Gut microbiota remodeling exacerbates neuroinflammation and cognitive dysfunction via the microbiota-gut-brain axis in prenatal VPA-exposed C57BL/6 mice offspring.

INTRODUCTION

Prenatal exposure to valproic acid (VPA) is a recognized risk factor for autism spectrum disorder (ASD)-like phenotypes, yet the mechanisms linking gut microbiota dysbiosis to neurodevelopmental impairments remain poorly understood. Emerging evidence implicates the microbiota-gut-brain axis as a critical mediator of neuroinflammation and cognitive deficits, but causal pathways in VPA-induced ASD models require systematic exploration. This study investigates how prenatal VPA exposure reshapes gut microbiota composition, exacerbates neuroinflammatory responses, and drives cognitive dysfunction through the microbiota-gut-brain axis in C57BL/6 mouse offspring.

METHODS

Prenatal VPA-exposed and control offspring underwent behavioral assessments (open field, three-chamber social interaction, marble-burying, and Morris water maze tests).
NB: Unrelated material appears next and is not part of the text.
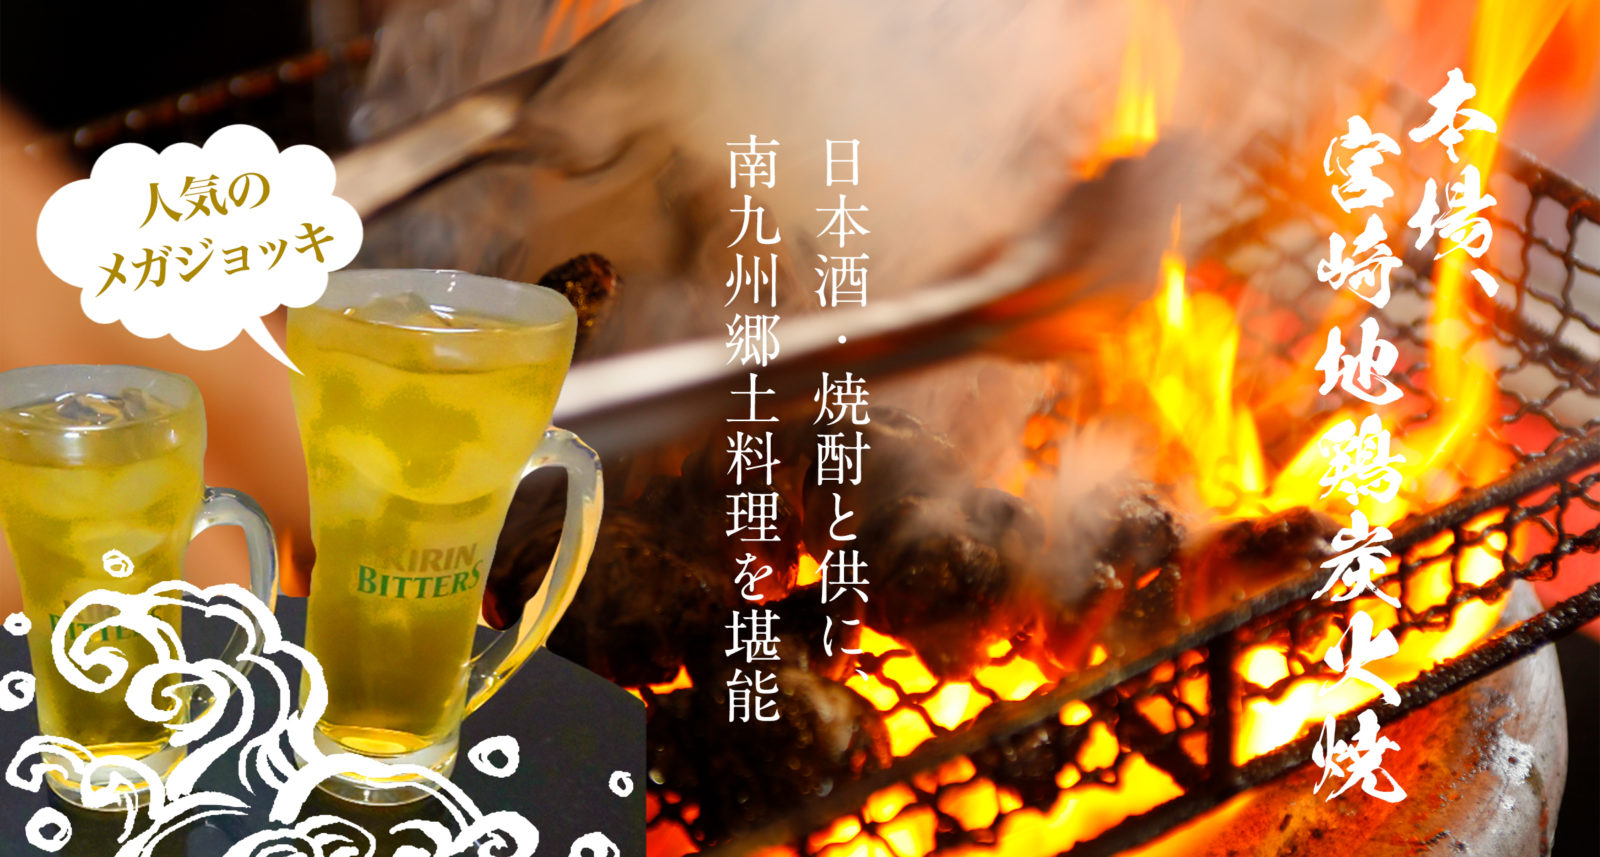 日本酒・焼酎と供に、 南九州郷土料理を堪能

Neuroinflammatory cytokines (IL-1β, IL-6, TNF-α, IL-10), oxidative stress markers (GSH, SOD, MDA), and microglial activation (Iba1 immunofluorescence) were quantified. Gut microbiota profiles were analyzed via 16S rRNA sequencing, with functional pathway predictions using PICRUSt2 and KEGG databases.

RESULTS

VPA-exposed mice exhibited ASD-like behaviors, including social deficits, repetitive stereotypic actions, and impaired spatial memory. Neuroinflammation was marked by upregulated pro-inflammatory cytokines (IL-1β, IL-6, TNF-α) and microglial hyperactivation, alongside suppressed antioxidant systems (GSH, SOD). Gut microbiota analysis revealed dysbiosis characterized by reduced Bacteroidia and enriched Clostridia, with diminished short-chain fatty acid (SCFA)-producing taxa (e.g., Oscillibacter). Co-occurrence networks highlighted disrupted microbial interactions, while functional profiling indicated impaired carbohydrate metabolism and elevated neurotoxic pathway activity.

DISCUSSION

Prenatal VPA exposure induces gut microbiota remodeling that exacerbates neuroinflammation and cognitive dysfunction via the microbiota-gut-brain axis. This study provides evidence for linkages between taxonomic and metabolic gut dysbiosis and ASD-like pathophysiology, underscoring the therapeutic potential of microbiota-targeted interventions for neurodevelopmental disorders.